Any possibility of a before and after comparison using the McMaster’s silver conductivity paste [Part # 1219K57 – $100] on the AC plug contacts of less expensive DIY AC cables [plugs/IEC connectors and their wire terminations ] for front-end components and power amp vs. the Furutech plugs? Might need to change out the wall receptacle from “wet” to “dry” when comparing the Furutech plugs w/o the silver paste…
Just to say; had an furutech Fi-06 inlet on my amp and wich is good and exchanged for the Fi-09; the difference between the two made buy another Fi-09 for the dac, as it’s more crisper forwarding and detailed(all ncf rodium). Connected with an Fi-38R male, makes me thinking buy next time the Fi-50. Thanks for the review and; for me, one that can not see the difference, i can not call them audiophile listener, i would put them on the 99% of the population, wich don’t care for a little(big for sound lovers) difference. And that’s ok but, go to other sites
As a cost effective alternative, the Cardas Rhodium plated silver over copper turned out to be a nice plug .
It has a metal shell providing shielding up to the connectors as well.

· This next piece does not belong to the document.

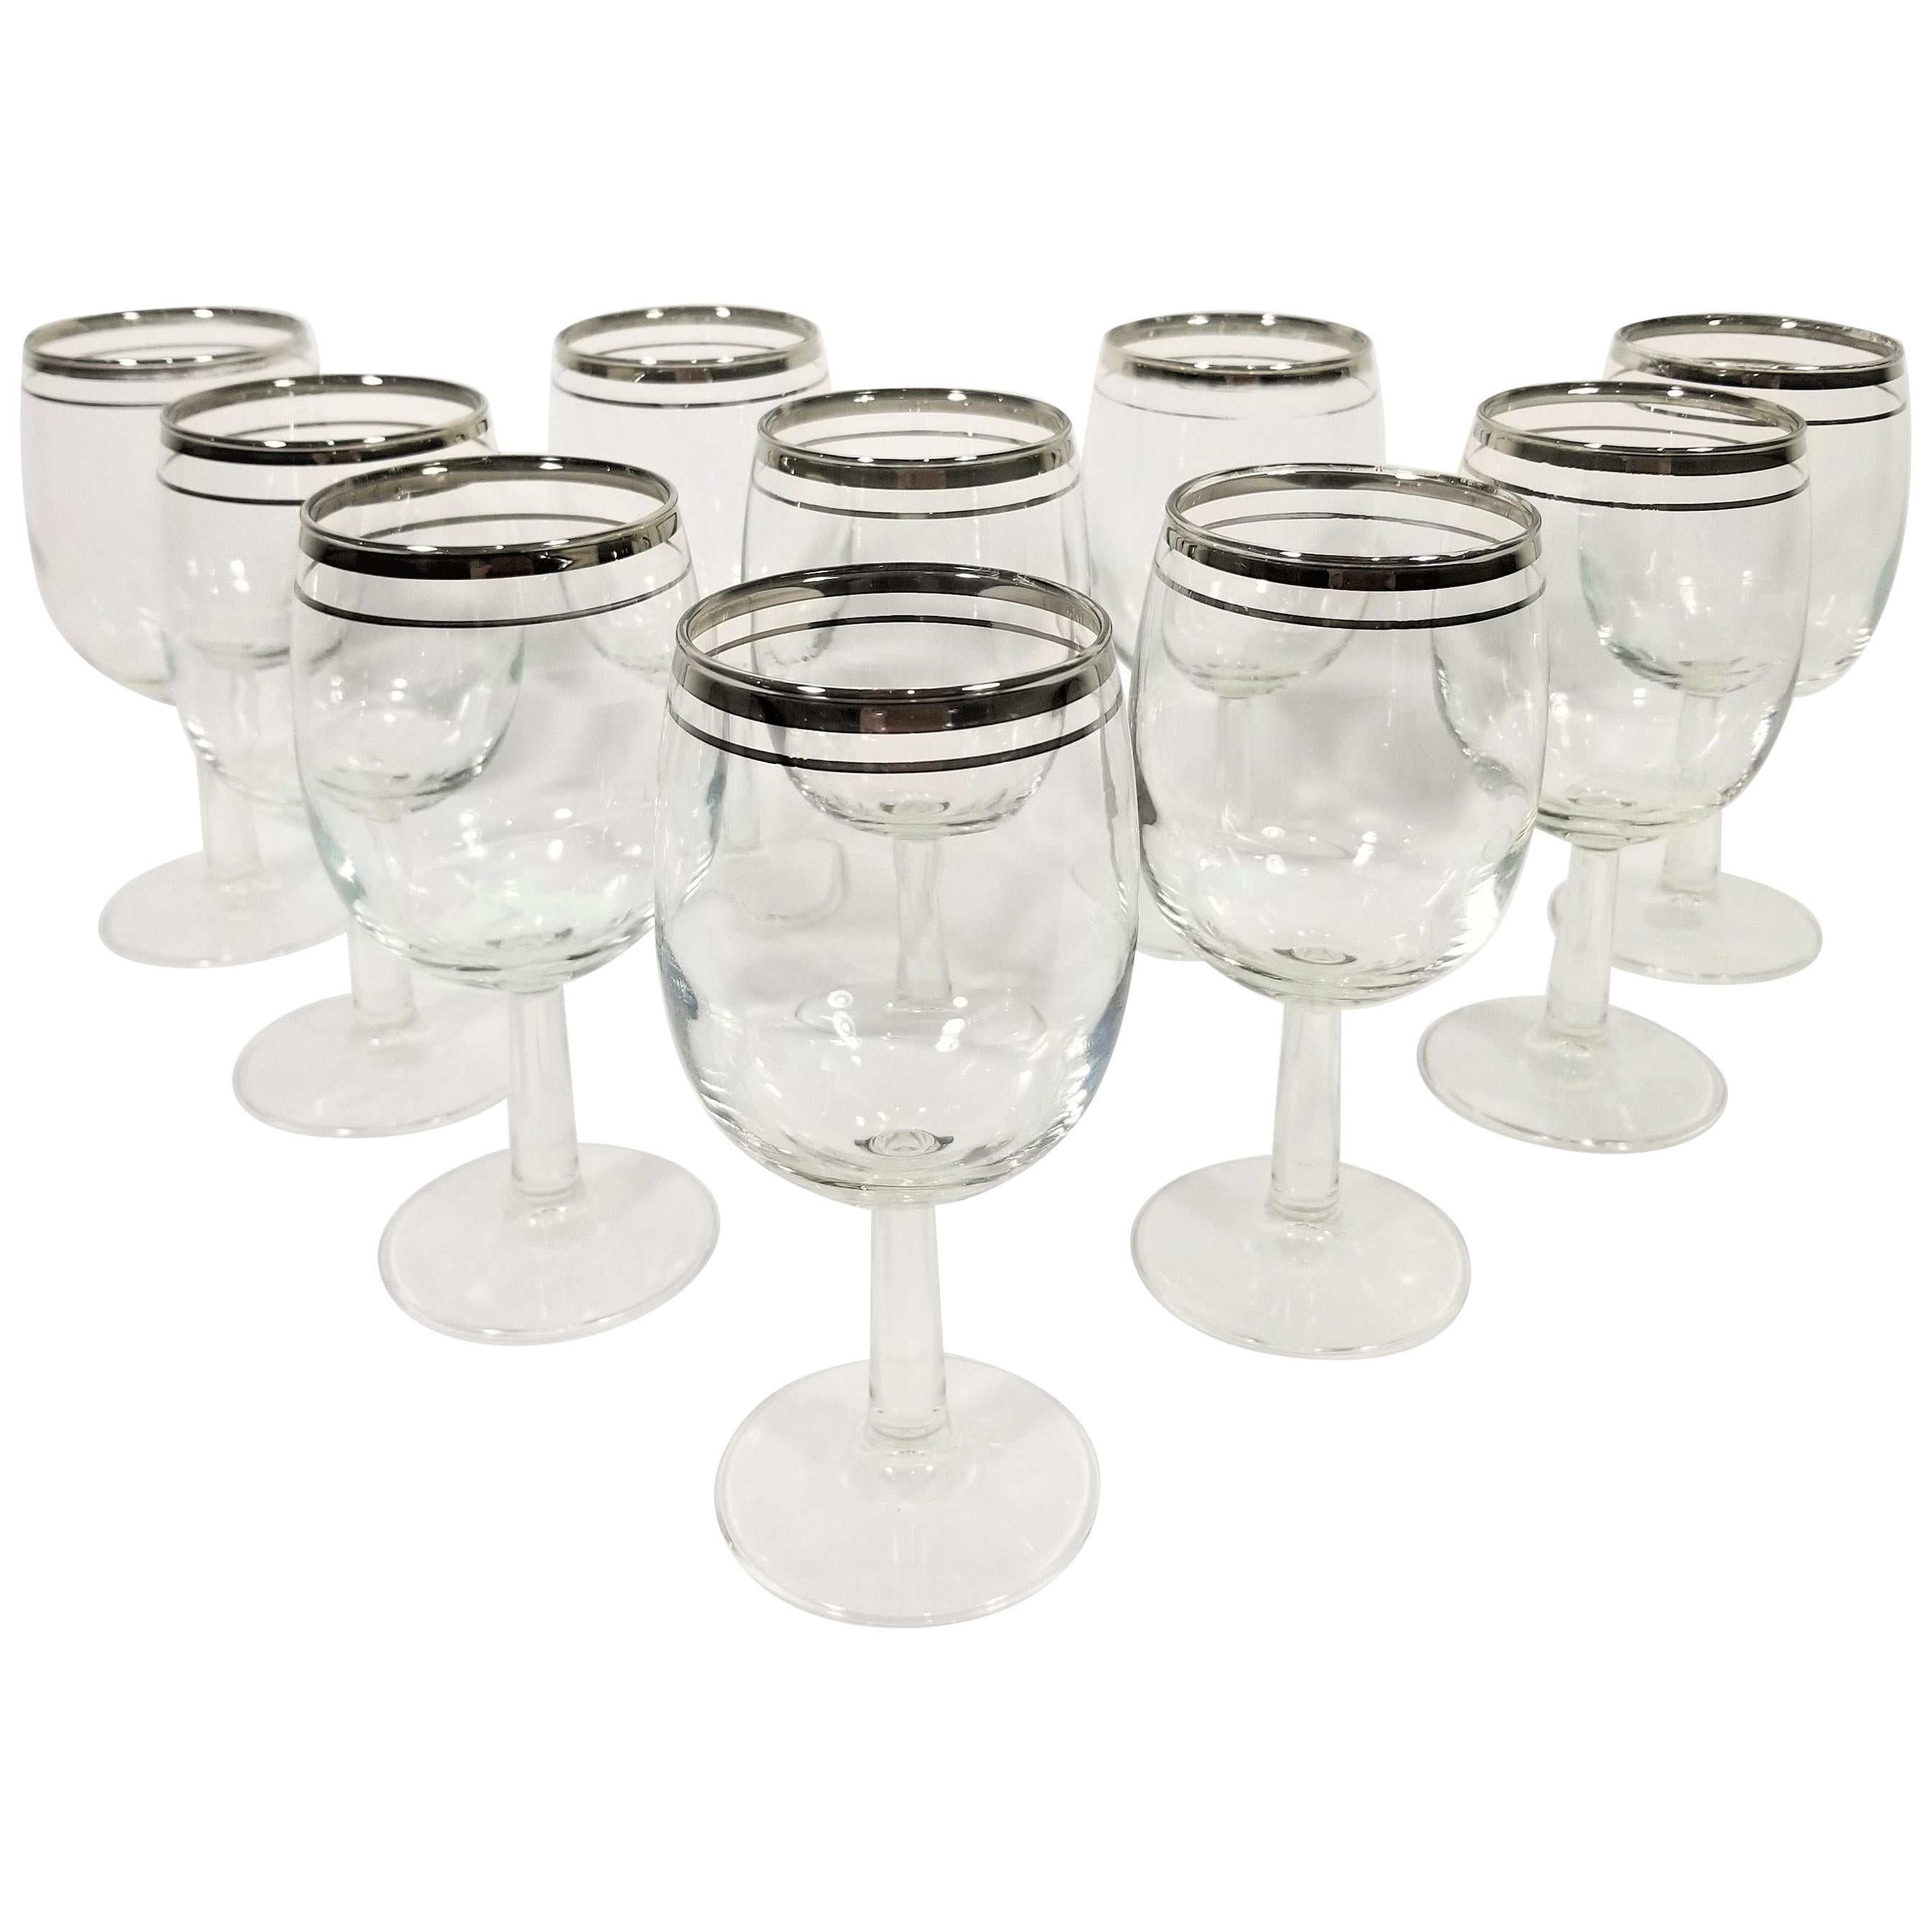 https://a.1stdibscdn.com/silver-rimmed-stemware-wine-glasses-mid-century-set-of-10-for-sale/1121189/f_225562221614015712486/22556222_master.jpg

Using Furutech FP-S032N 12 AWG for source components provides a nice fit n’ finish and they provide a clear improvement over the stock cables that came with my source components. My only complaint is the Rube Goldberg required to fan out strands of the cable shield to the outside metal shell and having to use a 1/4″ strip of aluminum tape over the shell seam to ground the shell.
Another possible option that would be more professional would be to make a ground pigtail to a ring connector that somehow fastens into the shell fastener screws [easier said than done]. Very long break in period [possibly up to 800 hours for the wire]
About $250 to construct a 3′ cord.
Bonsoir quelle est la meilleure schuko a ce jour? fi 50ncf , oyaide M1, fi 38 , charlin or ?????
Hi jay, what would you suggest for a darker sounding wire to use with the FI-50s to get a more colored sound?